1. Read images, from each image remember its label (f.e. happy, sad, ...). We now have images and label_names lists.
2. Map the label names list, each label name will now have its own identificator. (f.e. happy = 0, sad = 1, ...). We now have labels list.
3. Convert the labels list into a 2D one-hot encoded vector array.

In [67]:
def get_data(data_dir: str, image_size=(48, 48)) -> (np.array, np.array):
    
    """
    Reading data from data_dir.
    Each image is processed, converted into a numpy array and then normalized (every value is divided by 255).
    Image is expected to be in grayscale (.convert('L')), and its size should be 48x48 (default).
    
    Expected directory tree from which the images are processed:
    - data_dir
        - facial_expression_dir1
            - image1
            - image2
            - ...
        - facial_expression_dir2 
        - facial_expression_dir3
        - ...
        - facial_expression_dirN
        
    :param data_dir: directory from which the images are processed
    :param image_size: size of the images, default is 48x48
    :return: two numpy arrays, first numpy array has stored all the images, and second numpy array has stored all the label names
    """
    
    images = []
    label_names = []
    
    for expression_dirname in sorted(os.listdir(data_dir)):  
        # get every directory, this directory contains images of facial expressions 
        
        expression_dir = os.path.join(data_dir, expression_dirname)
        
        if not os.path.isdir(expression_dir):  # process only directories, skip non-directories - files
            continue
            
        for expression_image in os.listdir(expression_dir):
            # get every image in the directory
            
            image_path = os.path.join(expression_dir, expression_image)
            
            try:
                image = Image.open(image_path).convert('L')  # L mode, because images are grayscaled
                image = image.resize(image_size)  # resize the image to expected 48x48
                
                # convert image into an array, image is a 2D array
                image_array = np.array(image)
                
                # normalize image values, values between 0 - 1
                image_array = image_array / 255.0

                images.append(image_array)
                label_names.append(expression_dirname)  # directory name is already a label name of a facial expression
                
            except Exception as e:
                print(f"Failed to process image: {image_path}")
                print(e)
    
    # convert images and labels list into numpy arrays adn return them
    return np.array(images), np.array(label_names)            

In [68]:
train_images, train_label_names = get_data(TRAIN_DIR)
test_images, test_label_names = get_data(TEST_DIR)

print("Train Images:")
print(train_images.shape)
print(train_images, '\n')

print("Test Images:")
print(test_images.shape)
print(test_images, '\n')

print("Train Labels:")
print(train_label_names.shape)
print(train_label_names, '\n')

print("Test Labels:")
print(test_label_names.shape)
print(test_label_names, '\n')

Train Images:
(28709, 48, 48)
[[[0.70980392 0.70196078 0.69411765 ... 0.71372549 0.71372549 0.71372549]
  [0.70196078 0.69803922 0.69019608 ... 0.70196078 0.69411765 0.68627451]
  [0.70196078 0.69803922 0.69019608 ... 0.67843137 0.70196078 0.7254902 ]
  ...
  [0.76862745 0.70980392 0.74901961 ... 0.90196078 0.89411765 0.80392157]
  [0.76078431 0.72941176 0.78431373 ... 0.89019608 0.87058824 0.91372549]
  [0.77647059 0.77254902 0.83137255 ... 0.88627451 0.85882353 0.95294118]]

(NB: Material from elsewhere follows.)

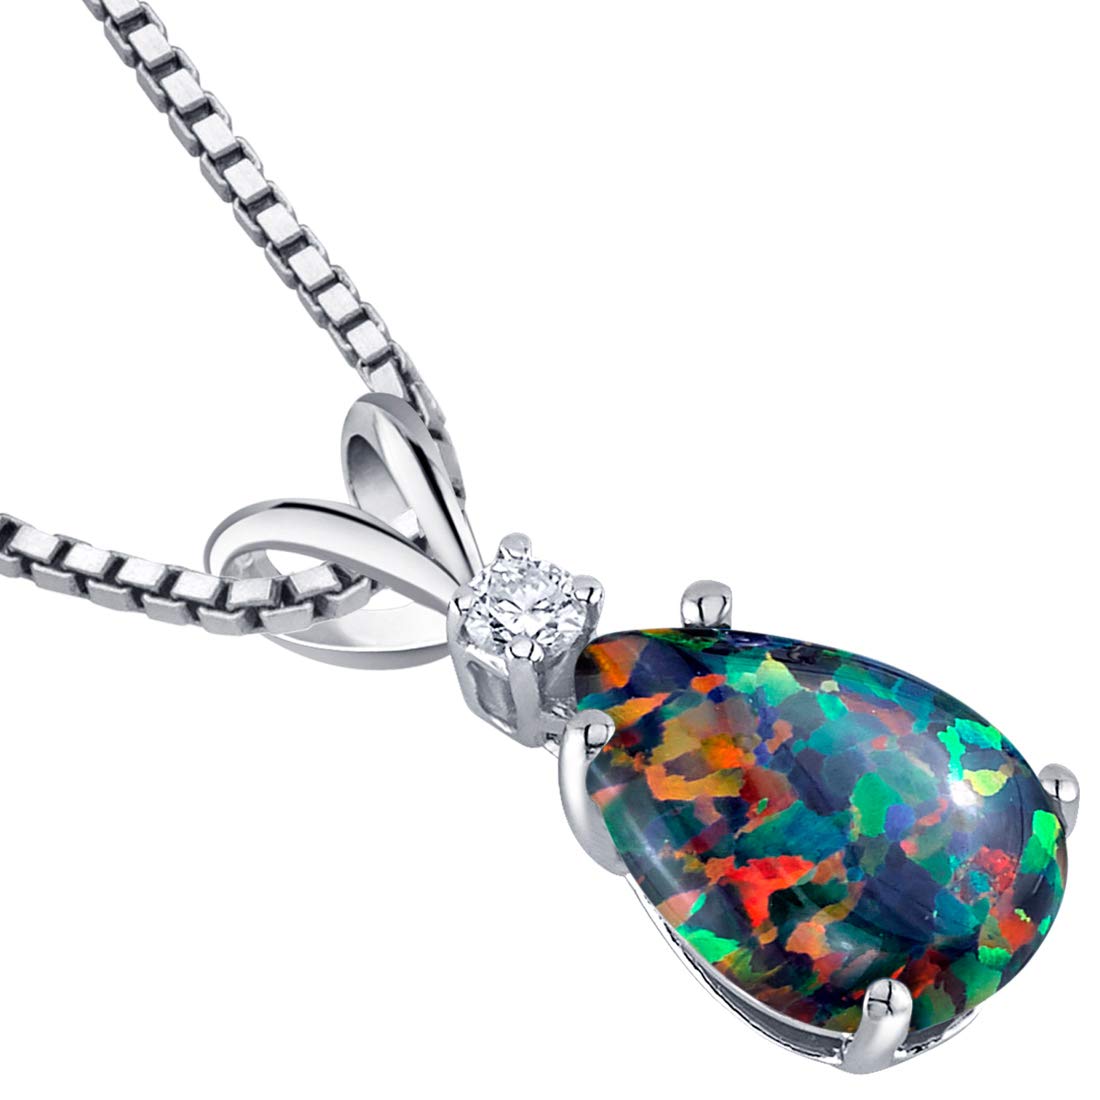 Peora Created Black Opal with Genuine Diamond Pendant for Women 14K White Gold, Elegant Teardrop Solitaire, Pear Shape, 10x7mm, 1 Carat total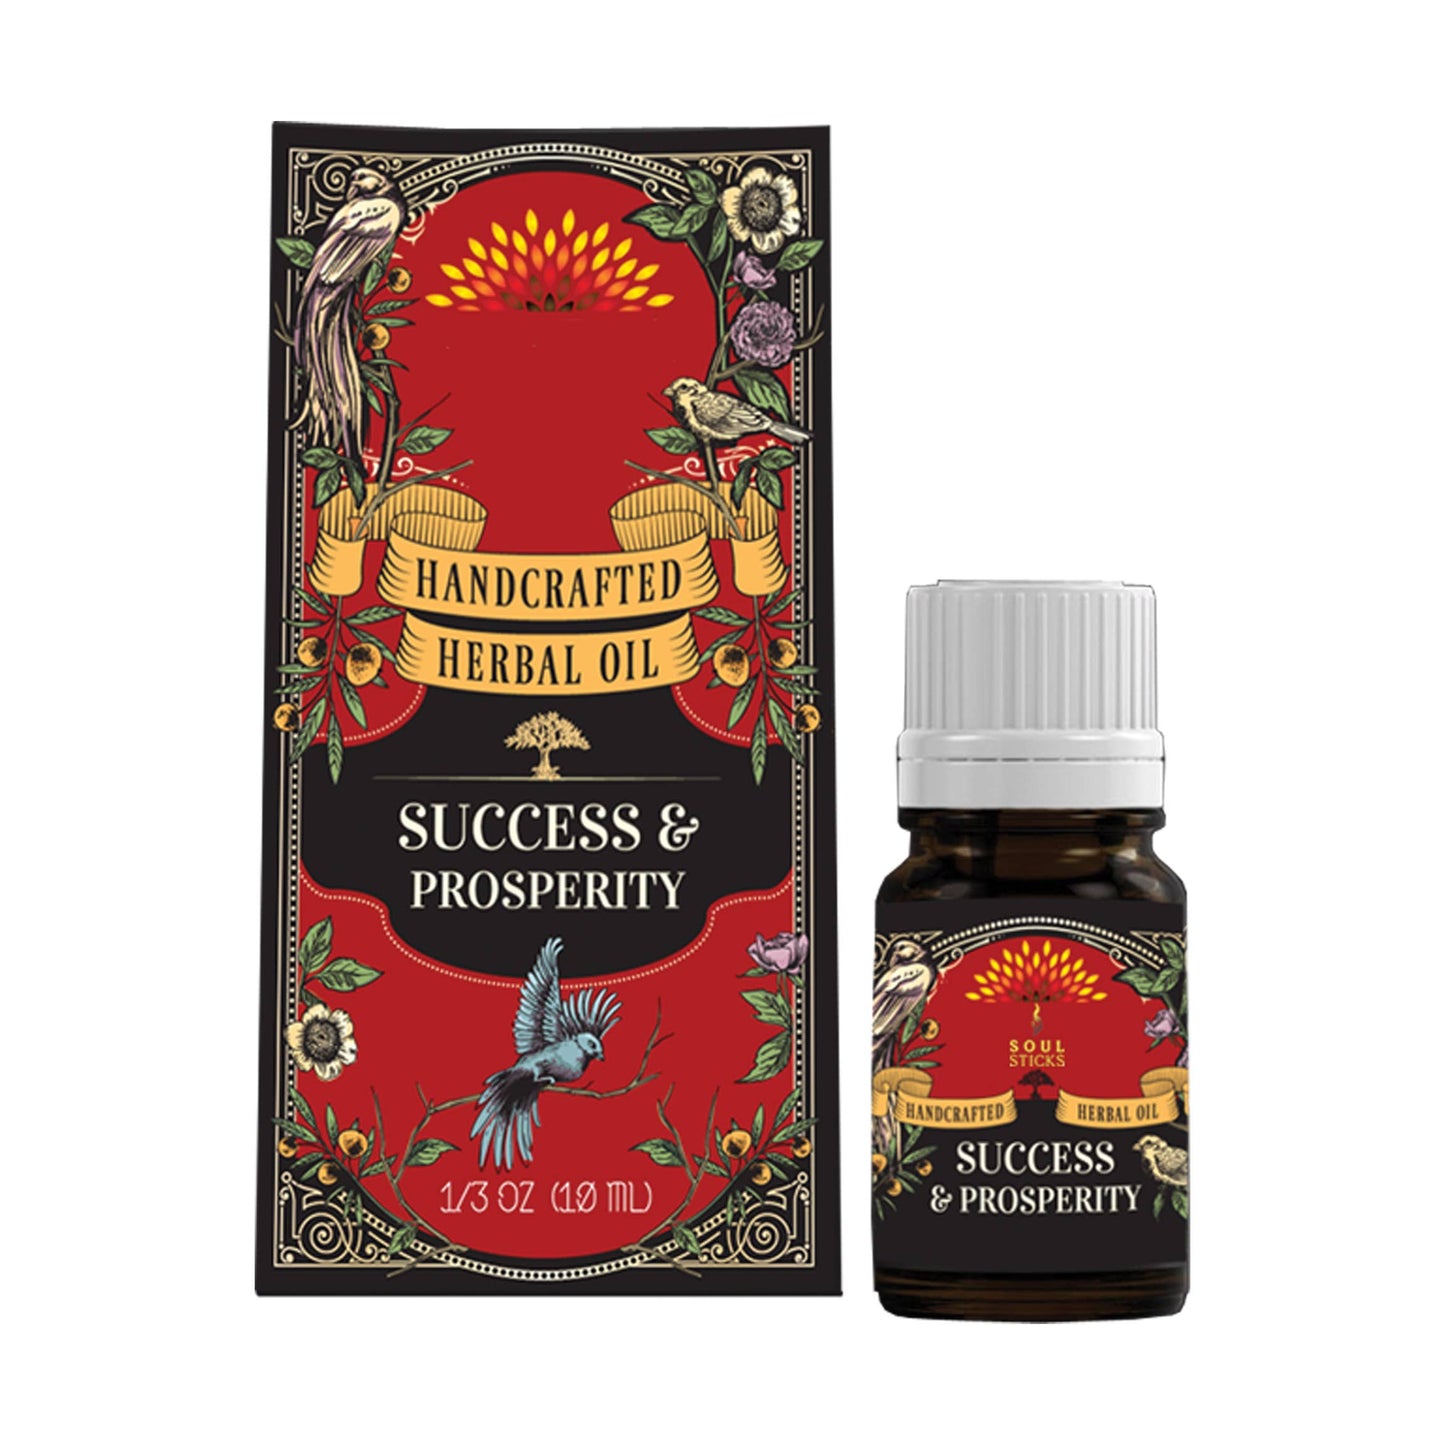 Success and Prosperity Herbal Oil for Anointing, Crafting, and Aromatherapy

 [[0.08235294 0.07058824 0.10588235 ... 0.32941176 0.20392157 0.24705882]
  [0.08235294 0.08235294 0.10980392 ... 0.34509804 0.28235294 0.36078431]
  [0.09019608 0.10980392 0.12941176 ... 0.4        0.41176471 0.45882353]
  ...
  [0.99607843 0.99215686 1.         ... 0.63921569 0.61960784 0.61176471]
  [1.         1.         1.         ... 0.59607843 0.64705882 0.59607843]
  [0.99607843 1.         0.99215686 ... 0.61568627 0.57647059 0.56078431]]

 [[0.16078431 0.24705882 0.33333333 ... 0.13333333 0.1372549  0.12

In [69]:
print("Example of one Image:")
print(train_images[0].shape)
print(train_images[0])

Example of one Image:
(48, 48)
[[0.70980392 0.70196078 0.69411765 ... 0.71372549 0.71372549 0.71372549]
 [0.70196078 0.69803922 0.69019608 ... 0.70196078 0.69411765 0.68627451]
 [0.70196078 0.69803922 0.69019608 ... 0.67843137 0.70196078 0.7254902 ]
 ...
 [0.76862745 0.70980392 0.74901961 ... 0.90196078 0.89411765 0.80392157]
 [0.76078431 0.72941176 0.78431373 ... 0.89019608 0.87058824 0.91372549]
 [0.77647059 0.77254902 0.83137255 ... 0.88627451 0.85882353 0.95294118]]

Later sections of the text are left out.